The trouble was that the business had no clear visibility about how much money was coming in, how this compared to previous years and expectations and the total amount would vary year-on-year.

I developed a forecasting / reporting system that not only tracked, minute-by-minute the income that was being generated as Awards entries were submitted but also compared the performance with previous years and ultimately predicted a target income for upcoming years’ Awards cycle.

Data Science Lesson: Using data to predict and solve business problems.

Data Science Skills: Client communications, statistical modelling techniques, MySQL, Salesforce, Python, Git.

Joining an Agency

After almost 10 years at D&AD, it was time to move on again…

JP74 was an “emerging technology consultancy”, making the most of what already exists, and creating what doesn’t through platform integration and bespoke development.

Having multiple clients was something new for me and probably one of the main motivations for me joining JP74. During my time with the company we worked on a diverse range of projects from an integrated CRM and room allocation system for a company specialising in accommodation for International Students in London to an analytics platform for egg production in the UK.

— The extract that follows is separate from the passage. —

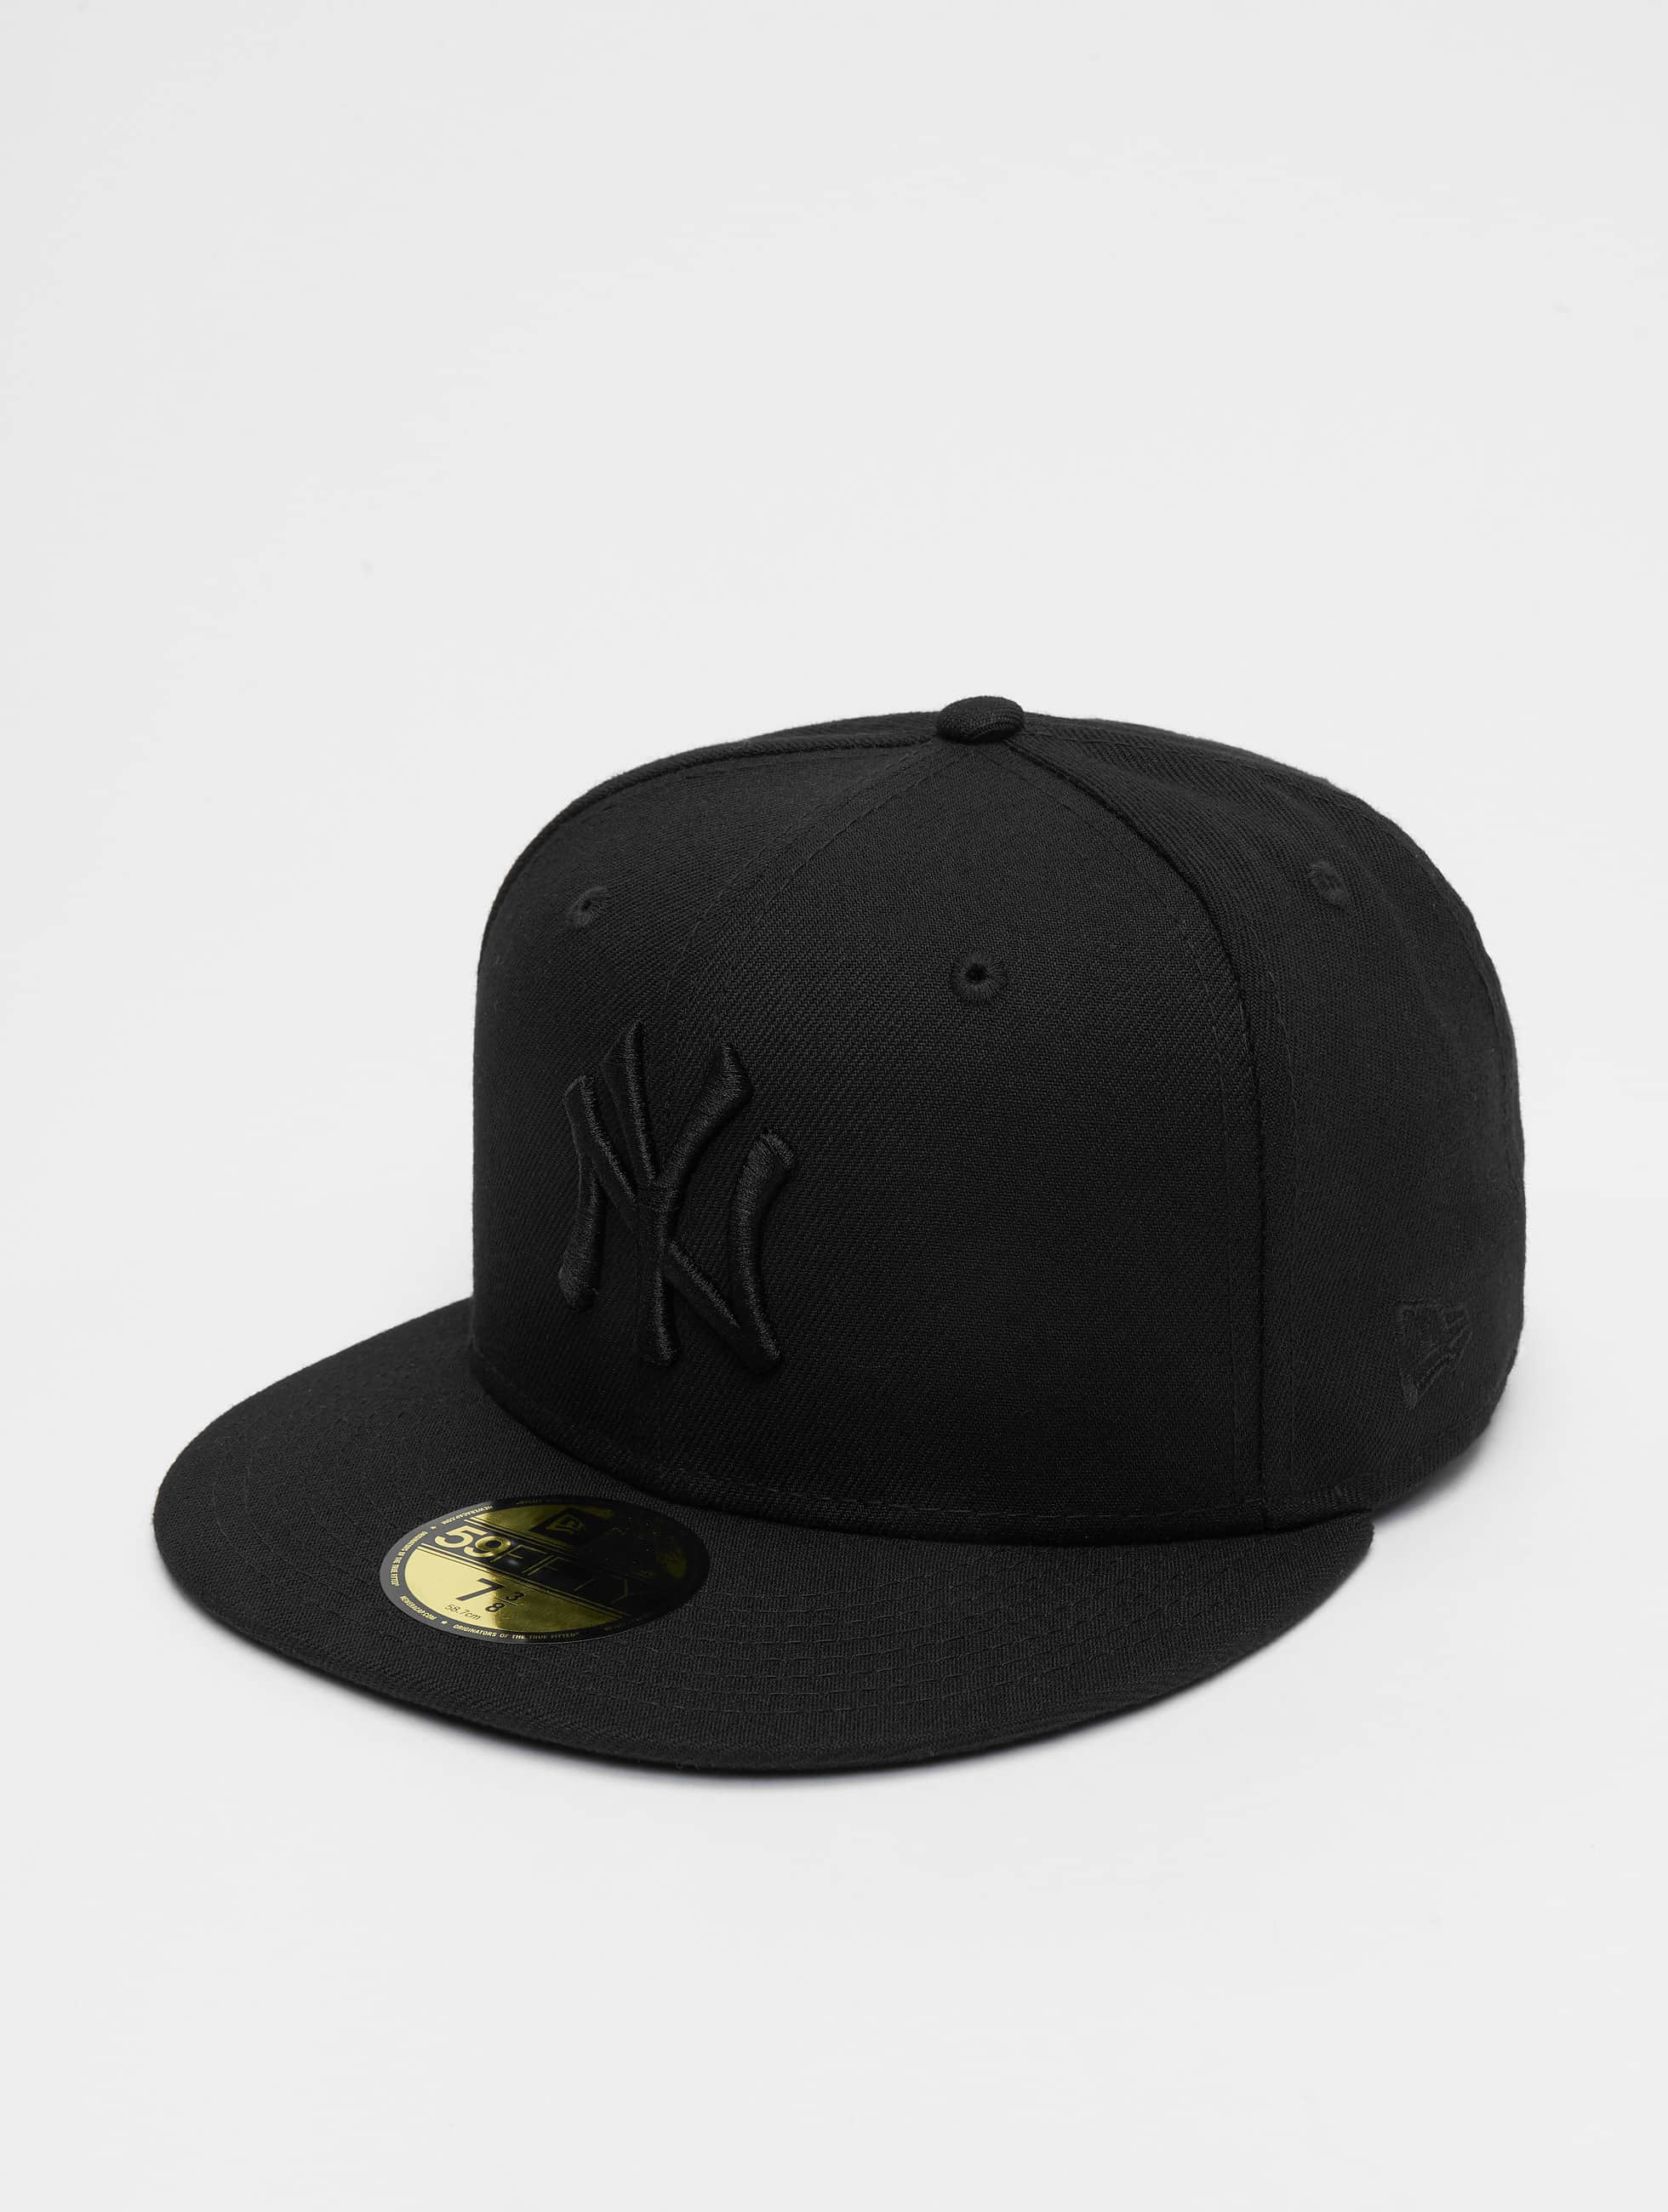 new era gorra gorra plana black on black ny yankees en. Black Bedroom Furniture Sets. Home Design Ideas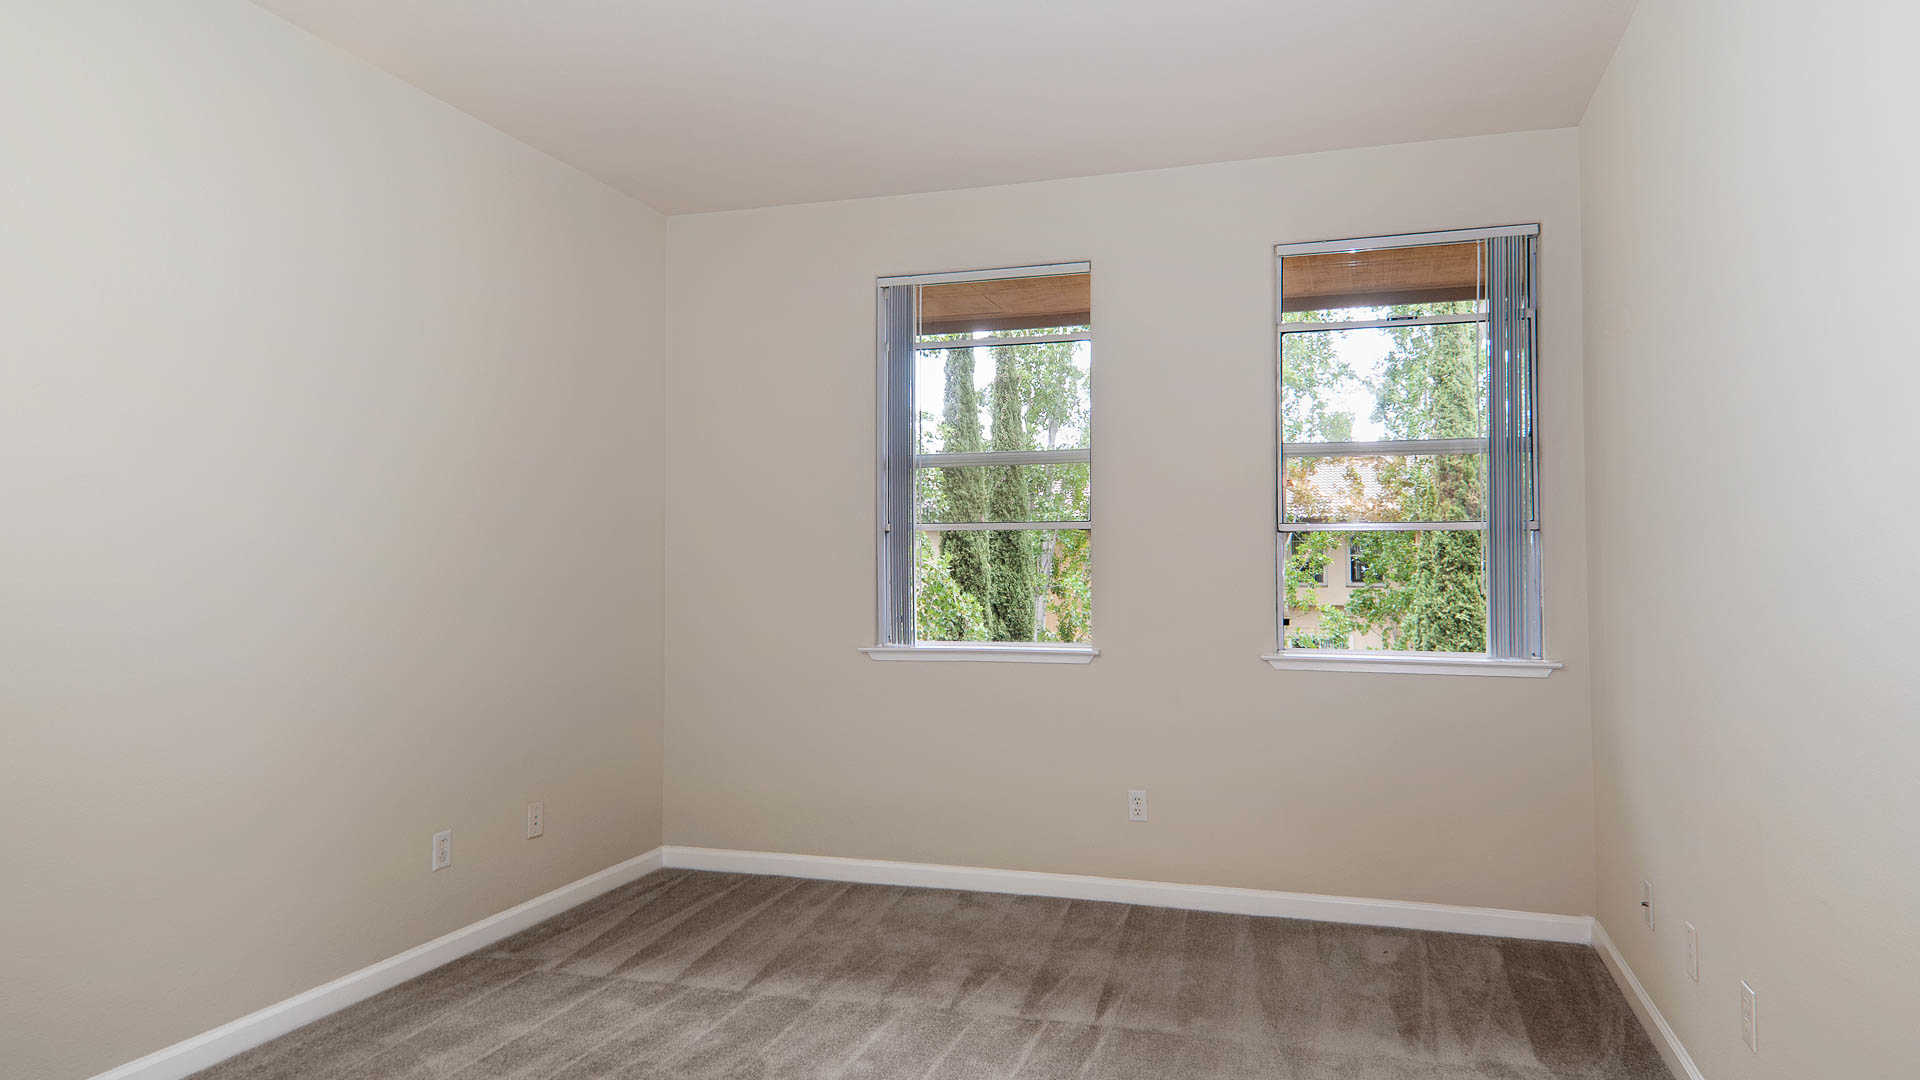 3 bedroom apartments santa clara : intercasher

The companies that we worked with as a consultancy all had one thing in common, there was a data problem at the heart of their business. Understanding that data problem would not just mean the success of the project, but the overall business.

Data Science Lesson: Understanding that there is a data problem at the heart of all businesses.

Data Science Skills: Client communications, data analysis techniques, MySQL, SugarCRM, AWS, Python, Git.

Back to school

So, in truth, the reasons behind my decision to become a data scientist were not because I have some sort of natural gift for statistics or programming or as a result of some moment of clarity where I suddenly realised that data science was my calling.

I took the opportunity to go back to school to study Data Science because it brings together the different aspects of my career so far, statistics, programming and data-driven decision making.

At the time of taking each step, it didn’t seem like I was on a specific path but Data Science represents the next logical step to take in the course of my career.

The final project submission for Module 3 of the Flatiron School Data Science course has focussed on creating a classifier model that predicts the functional status of waterpoints in Tanzania and these are the types of projects that I get excited about. Where the manipulation, understanding and modelling of data can have extremely beneficial effects in the real-world.